• Exercise aim:
Exact reproduction of the data is required, with images excluded.

• Exercise data:

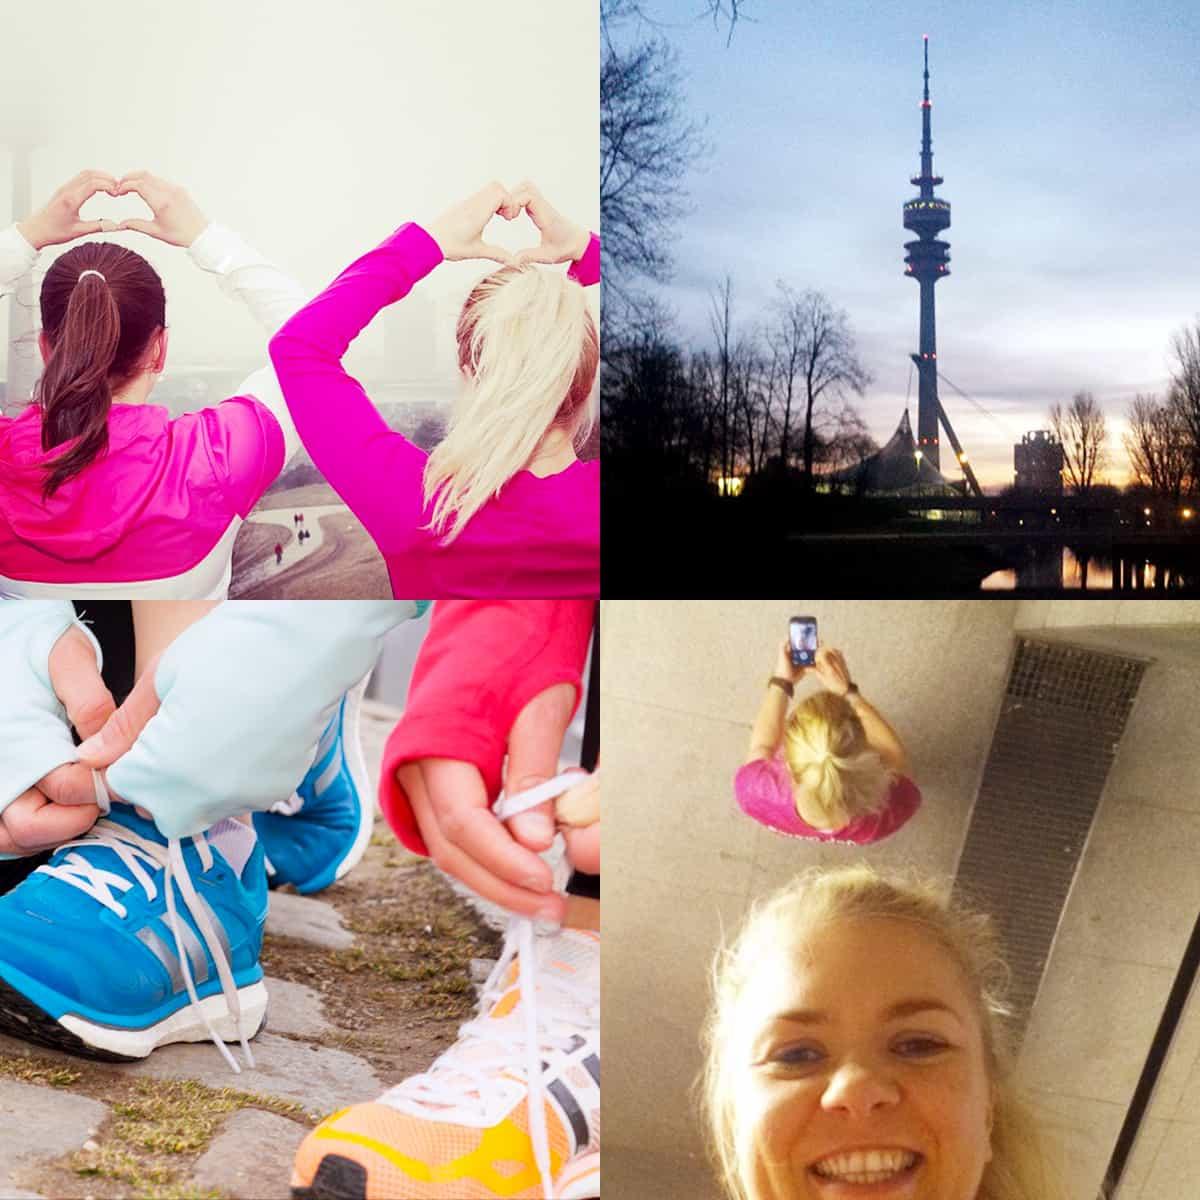 Bester deutscher Instagram Account Laufen von Run Munich Run
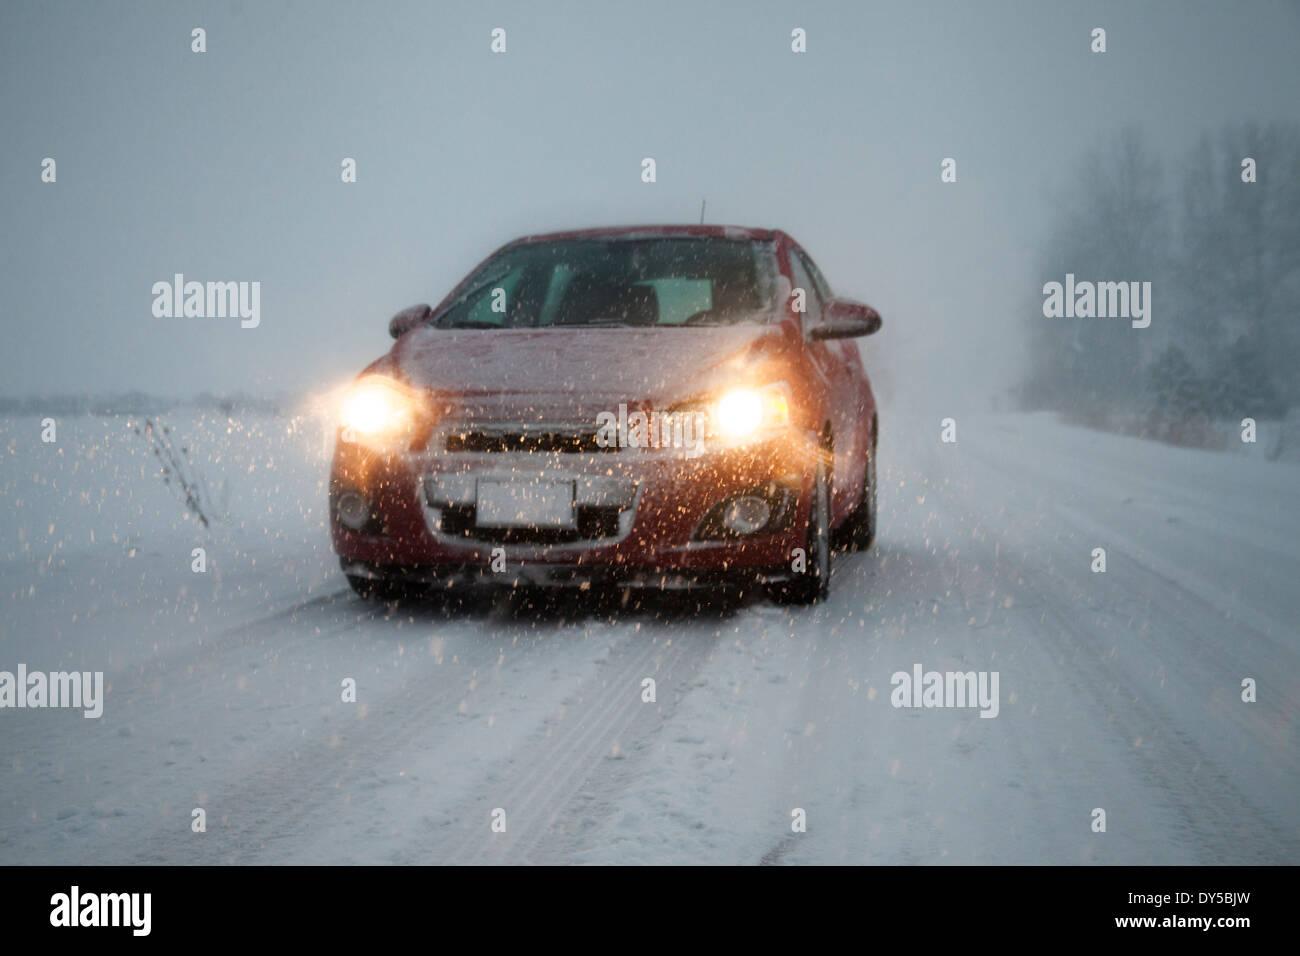 Voiture avec phares sur conduite le long de la route couverte de neige brouillard Banque D'Images
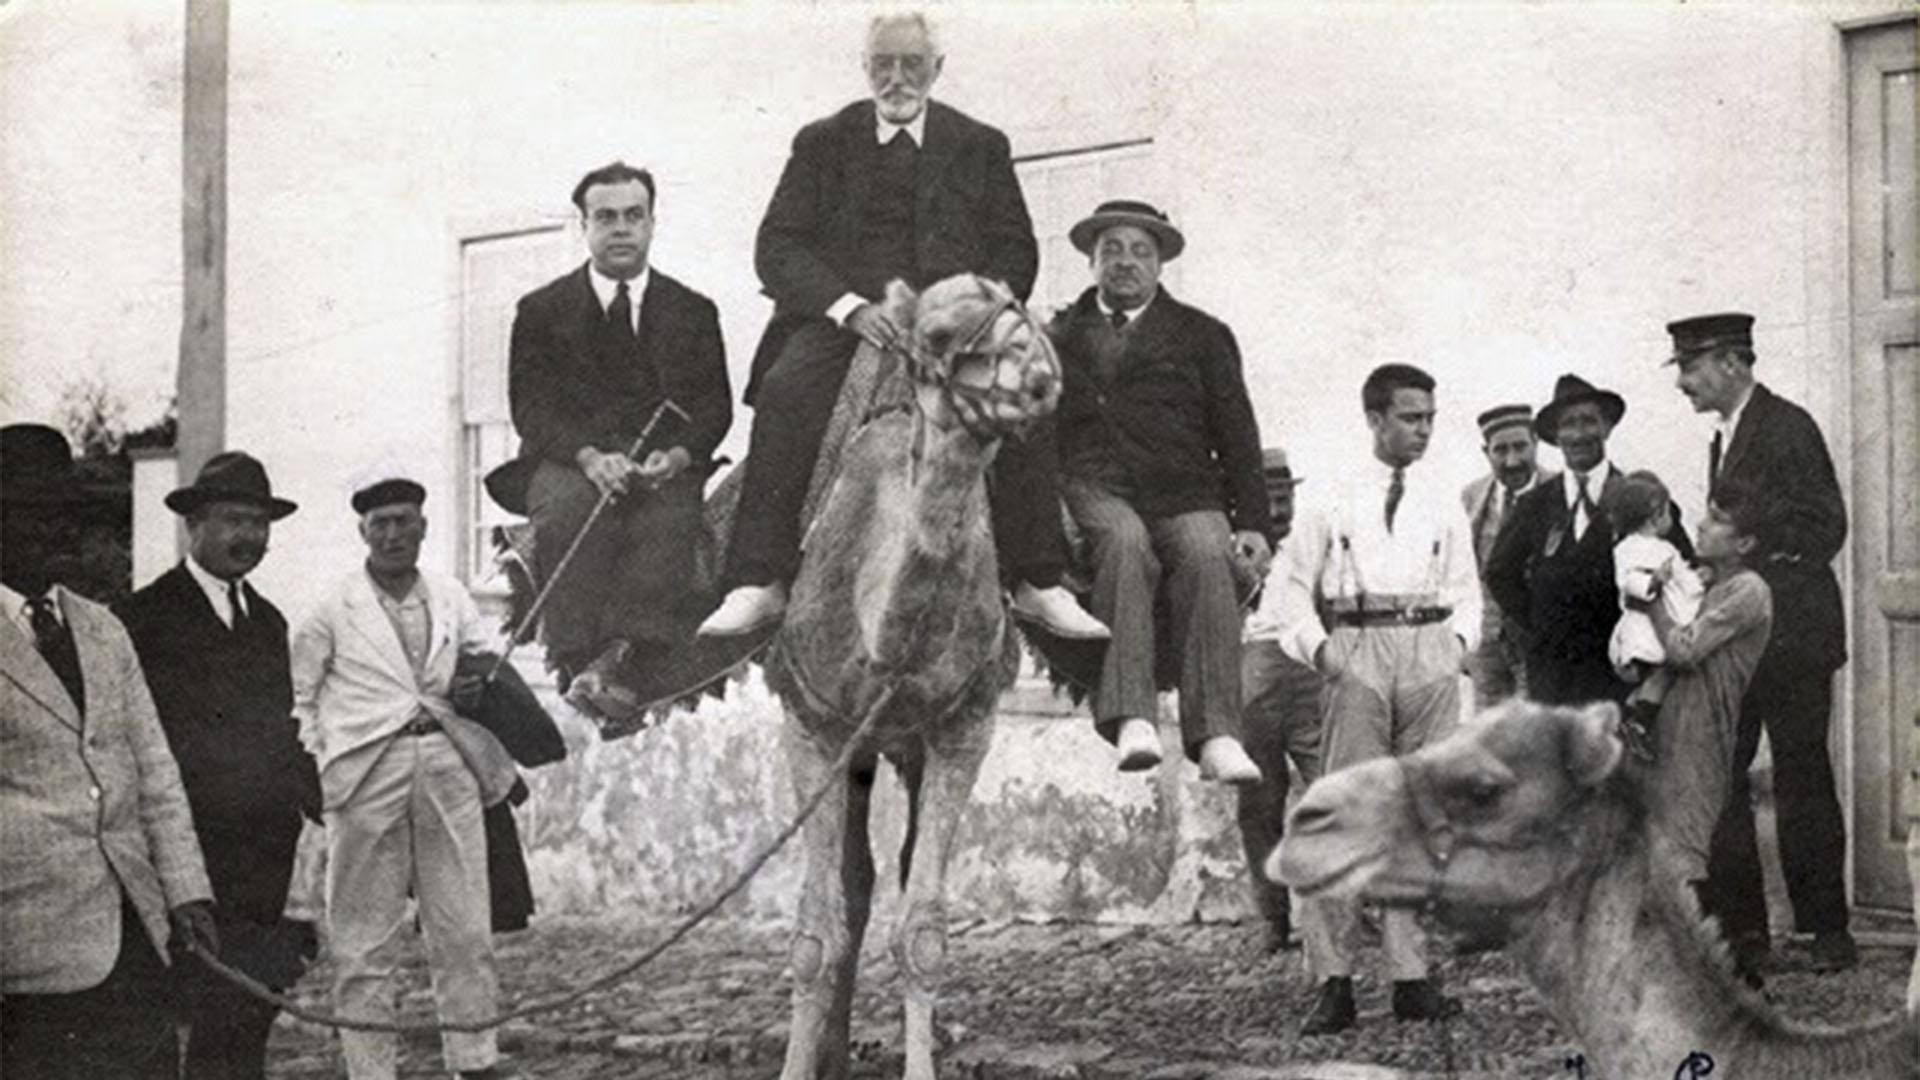 Fuerteventura – Strafkolonie der spanischen Militärdiktatur. Wer hier landete trat einen schweren Weg an.
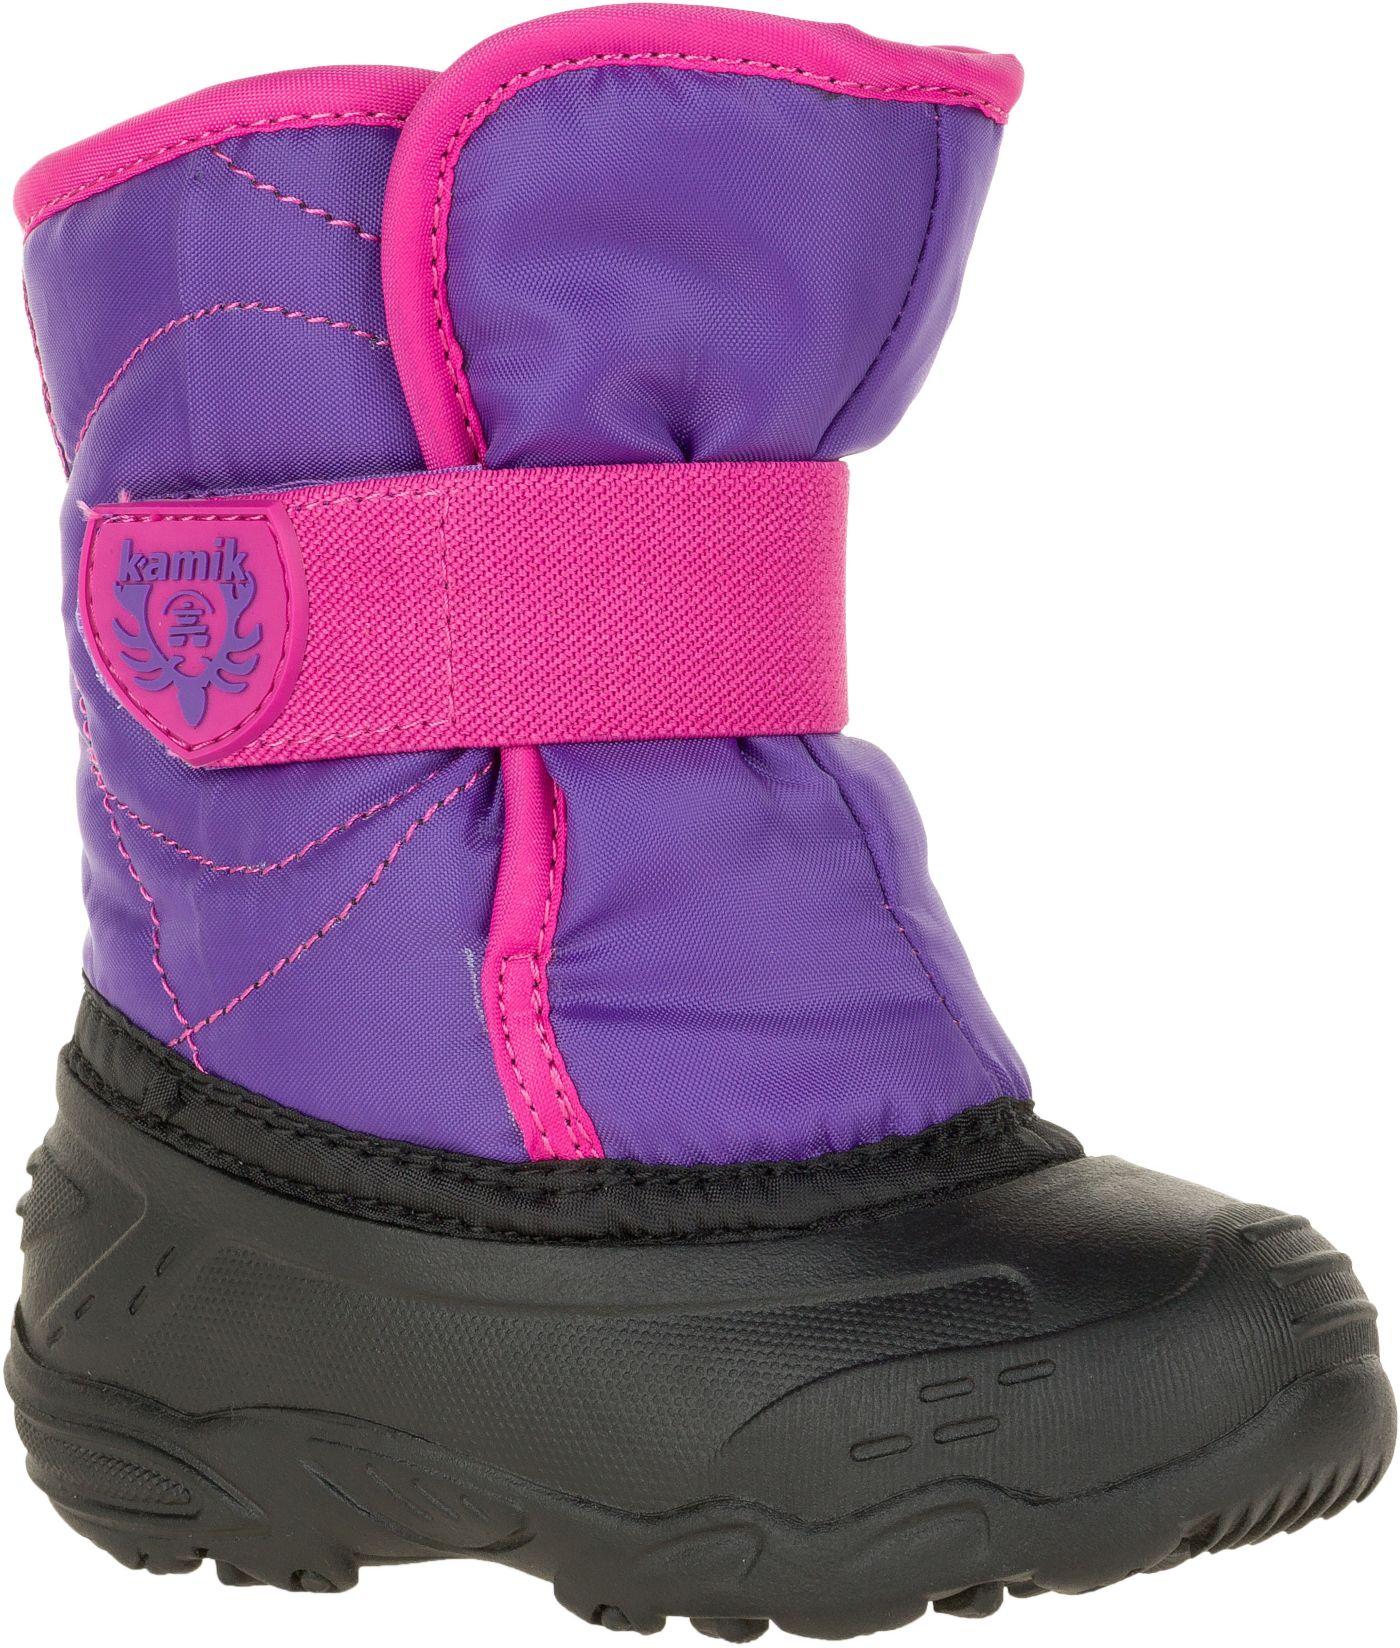 Kamik Toddler SnowBug3 Winter Boots

• Solution to this task:
 Bester deutscher Instagram Account Laufen von Run Munich Run
 Voiture avec phares sur conduite le long de la route couverte de neige brouillard Banque D'Images
 Fuerteventura – Strafkolonie der spanischen Militärdiktatur. Wer hier landete trat einen schweren Weg an.
 Kamik Toddler SnowBug3 Winter Boots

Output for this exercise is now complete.